The biggest benefits seem to be
(1) simplicity, but GCE and minikube are easy enough to learn in a day and
(2) ability to run non-containers, but docker containers are generic - they can run java apps just fine.
Nomad is operationally simple, you can run it out of your normal devops roles, you don't need dedicated staff. Mostly because you can pretty easily wrap your head around what it does and how it works.
This saves you bundles of cash and time.
Additionally, in the early days there were some tools missing (like online modifying the raft peer members) that are all there now.
Running in production and very happy with it!
Though Chronos has a release recently with a bunch of fixes, Mesos is inevitably fading as a legacy platform.

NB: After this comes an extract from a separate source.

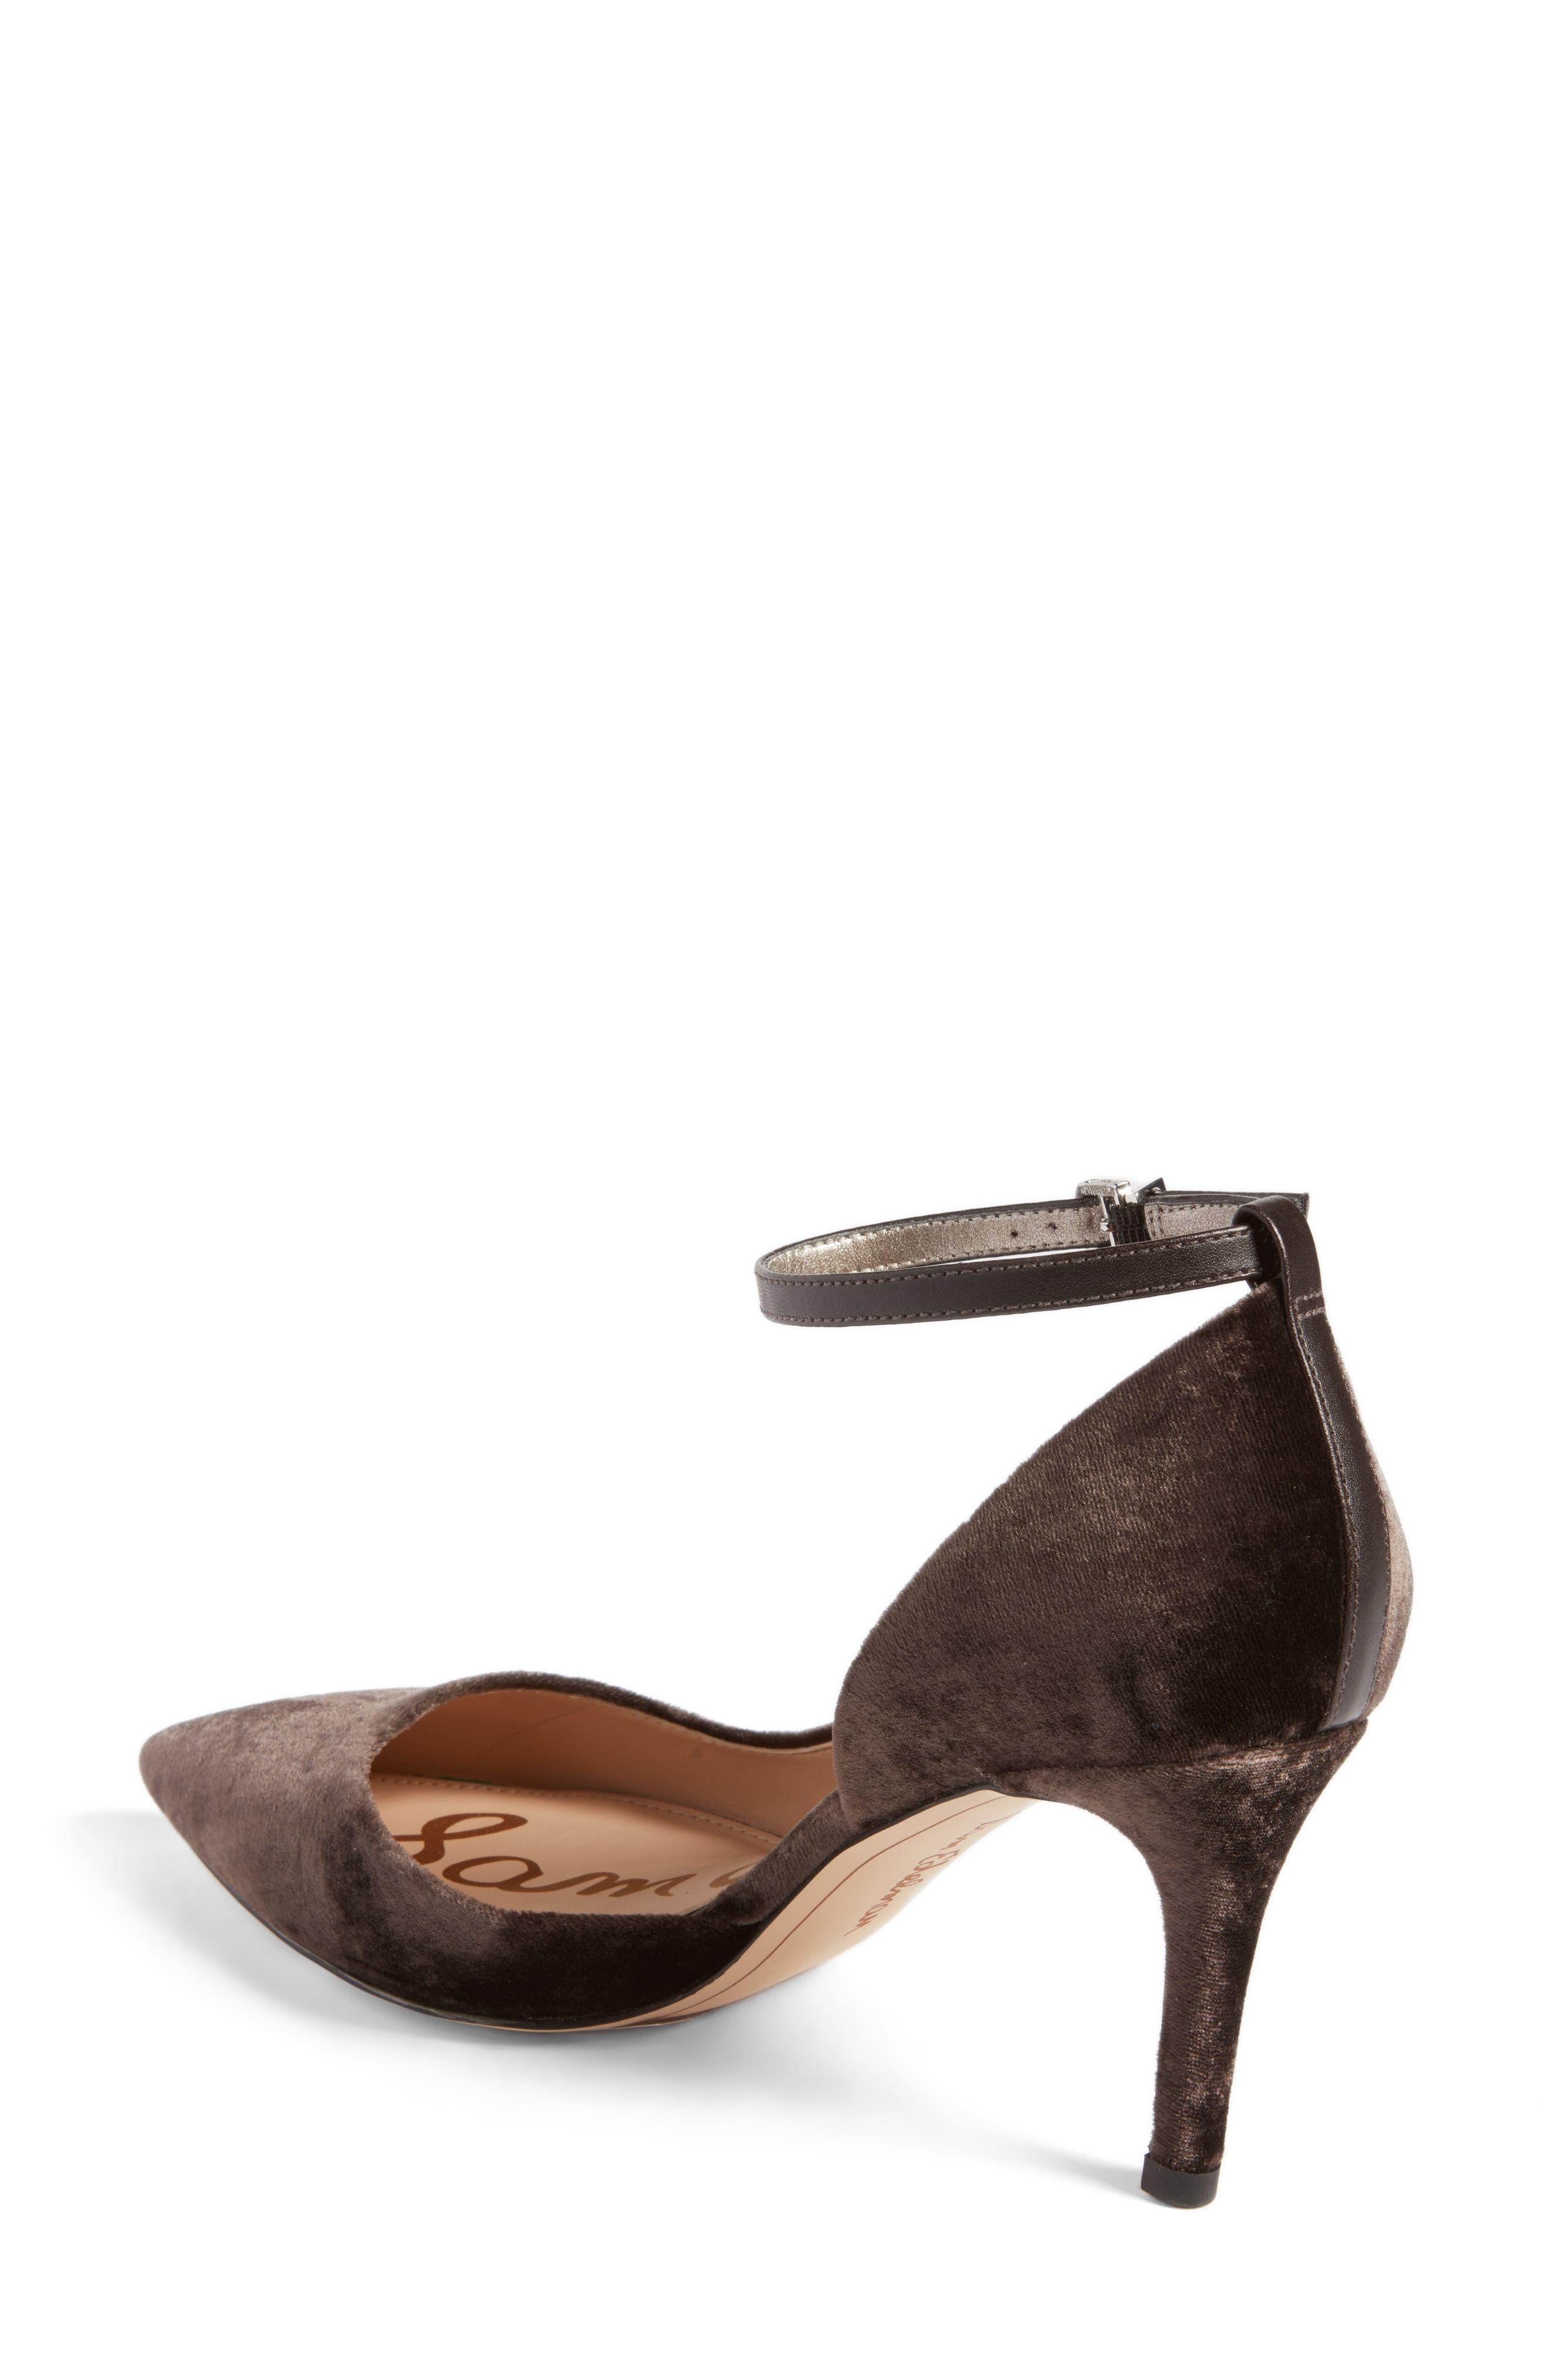 Alternate Image 2  - Sam Edelman Tia Ankle Strap Pump (Women)

Because of Chronos? This is a bizarre thing to say. Mesos actually works extremely well. Whenever I ask the why kube over Mesos question, I never get a good answer. I think because people just don’t know Mesos. Also it wasn’t made by google.
This is likely related a set of Kubernetes bugs [1][2] (and grpc[3]) that CoreOS is working diligently to get fixed. The first set of these, the endpoint reconciler[4], has landed in 1.9.
More work is pending on the etcd client in Kubernetes. The good news is that the client is used everywhere, so one fix and all components will benefit.
[1]: https://github.com/kubernetes/community/pull/939 [2]: https://github.com/kubernetes/kubernetes/issues/22609 [3]: https://github.com/kubernetes/kubernetes/issues/47131 [4]: https://github.com/kubernetes/kubernetes/pull/51698
Also, any large scale system like Borg developed at a large company like Facebook or Google will have completely opinionated one-way-of-doing-things for a lot of aspects. This doesn’t work for the world outside where lots of developers from different backgrounds, lots of projects with different requirements exist.
The implementation is effectively entirely from scratch, so bugs will exist.
A lot of traditional financial instruments 1) are not resilient to failure and 2) run at fixed times in batches. I’m confident it’s not their own systems that set the requirement of rigidity.
Their customers expect the cron jobs to run when they expected and how they expected.
With that constraint restarts look a lot less acceptable.
I chose Nomad because I'm already using Consul and I wanted to run raw .Net executables. Would it have been worth it to use Docker with .Net Core?
Not trying to change my infrastructure now, but just curious about whether it is worth the time to play with it on the side.
Although k8s does seem to be designed much better. I use it personally too and hope for its success.
How does Stripe's approach differ?
Is there an advantage to one over the other? It looks like in both cases, you need a platform team (at least 2, maybe 3 people; we had a large complex setup and had like 10) to setup things like K8s, DC/OS or Nomad, because they are complex systems with a lot of different components .. components like Flanel vs Weavenet vs some other container networks, handling storage volumes, labels and automatic configuration of HAProxy from them (marathon-lb on DC/OS).
All schedulers (k8s, swarm, marathon) seems to use a json format for job information that's pretty specific, not only to the scheduler, but to the way other tooling is setup at your specific shop.